*** Stored data Section Begins ***
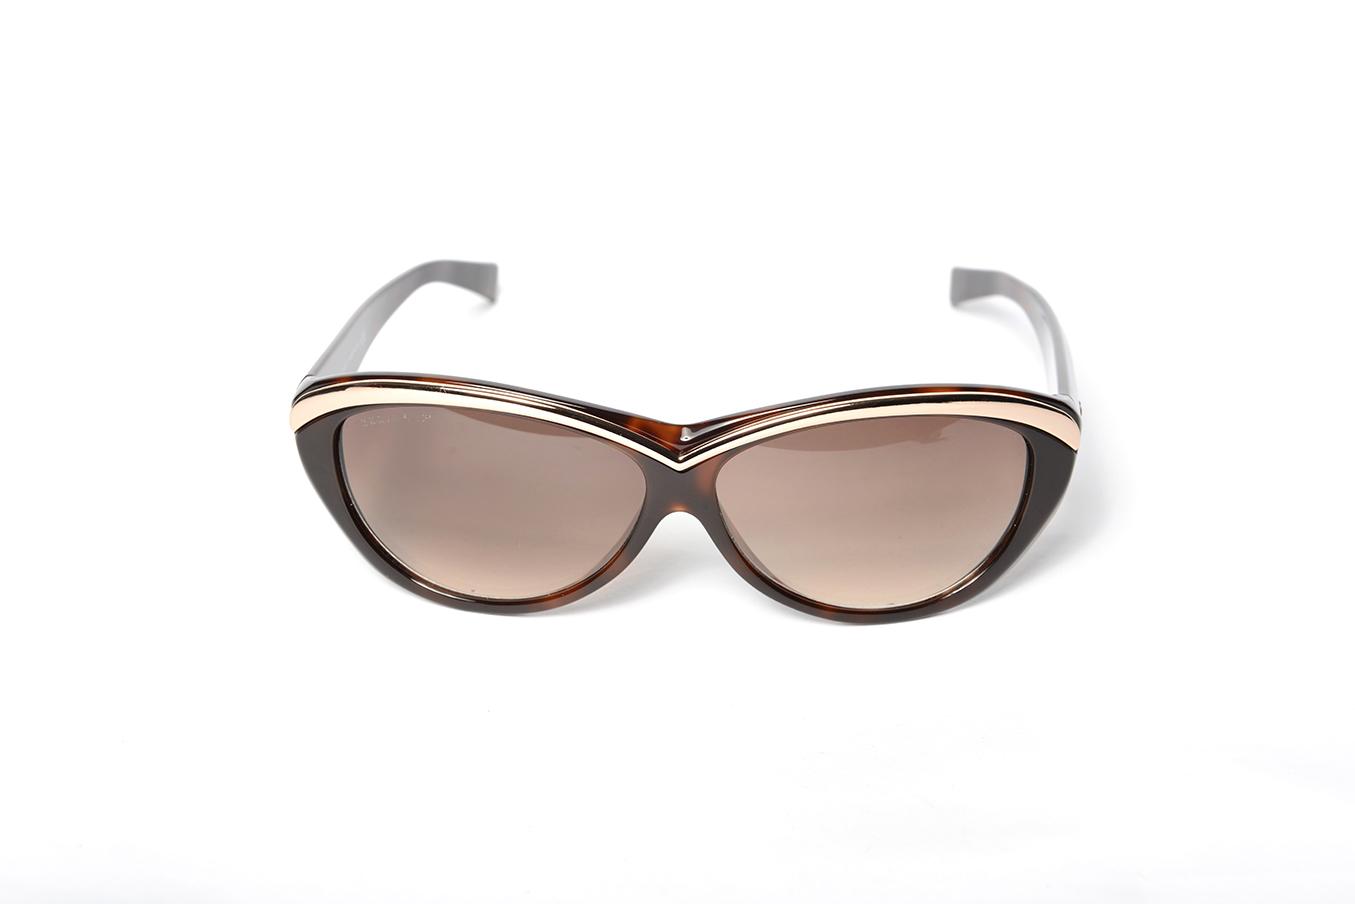 Lenny Face With Sunglasses   David Simchi-Levi 9c15940ccecc
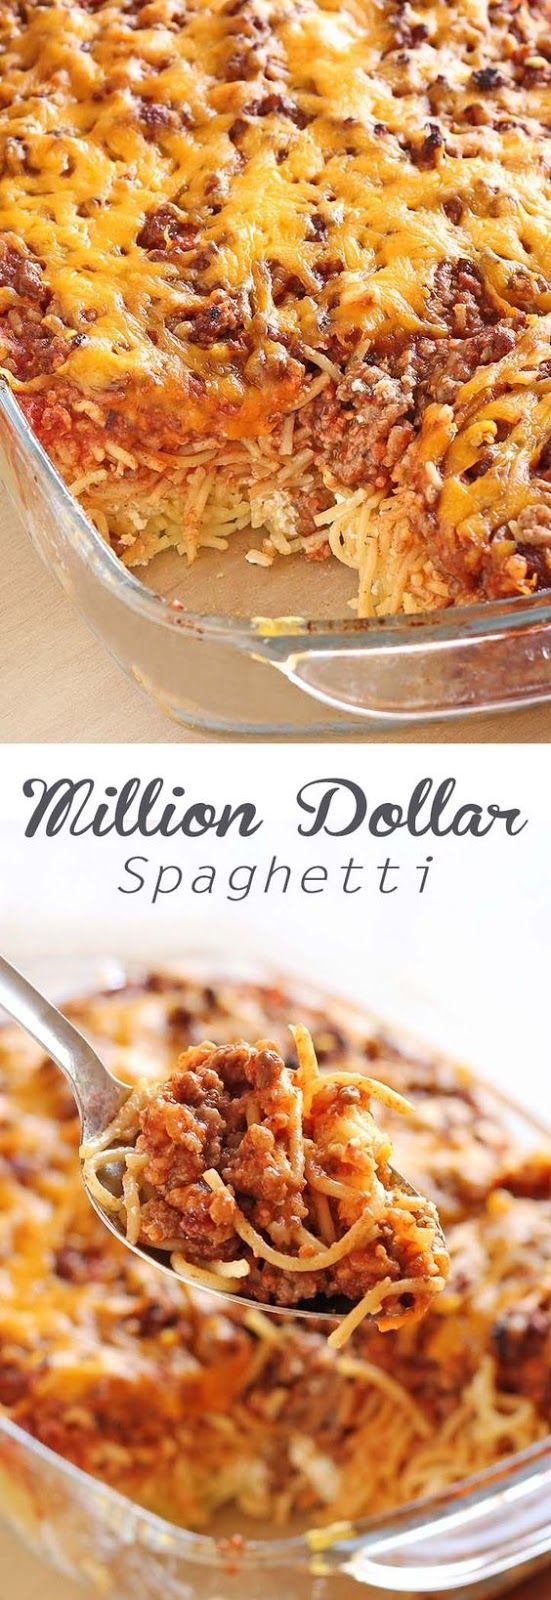 Easy Million Dollar Spaghetti [Video]
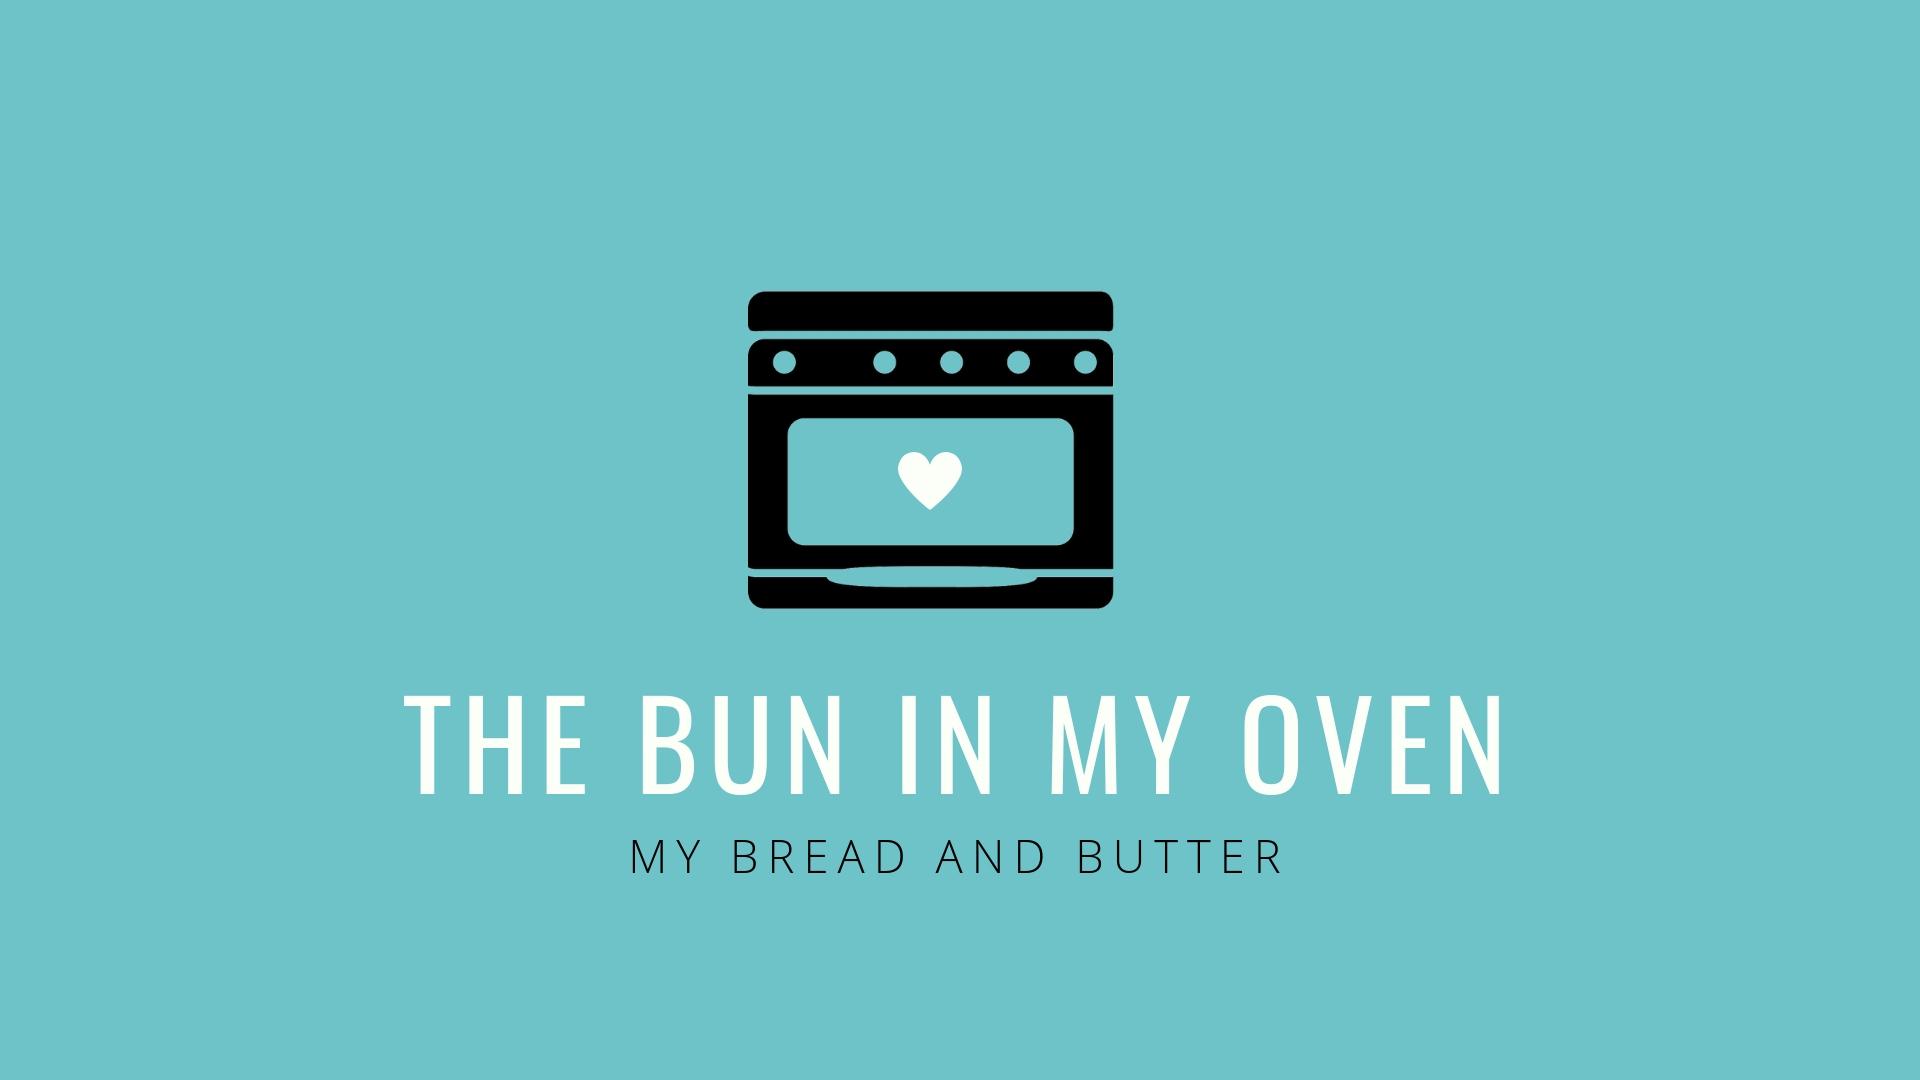 jennifer hulley food photographer food stylist food writer blogger hamilton toronto ontario
*** Stored data Section Ends ***
# Exercise instructions
Word for word, restate every line of the listing, omitting the pictures.

# Task result
 Lenny Face With Sunglasses   David Simchi-Levi 9c15940ccecc
 Easy Million Dollar Spaghetti [Video]
 jennifer hulley food photographer food stylist food writer blogger hamilton toronto ontario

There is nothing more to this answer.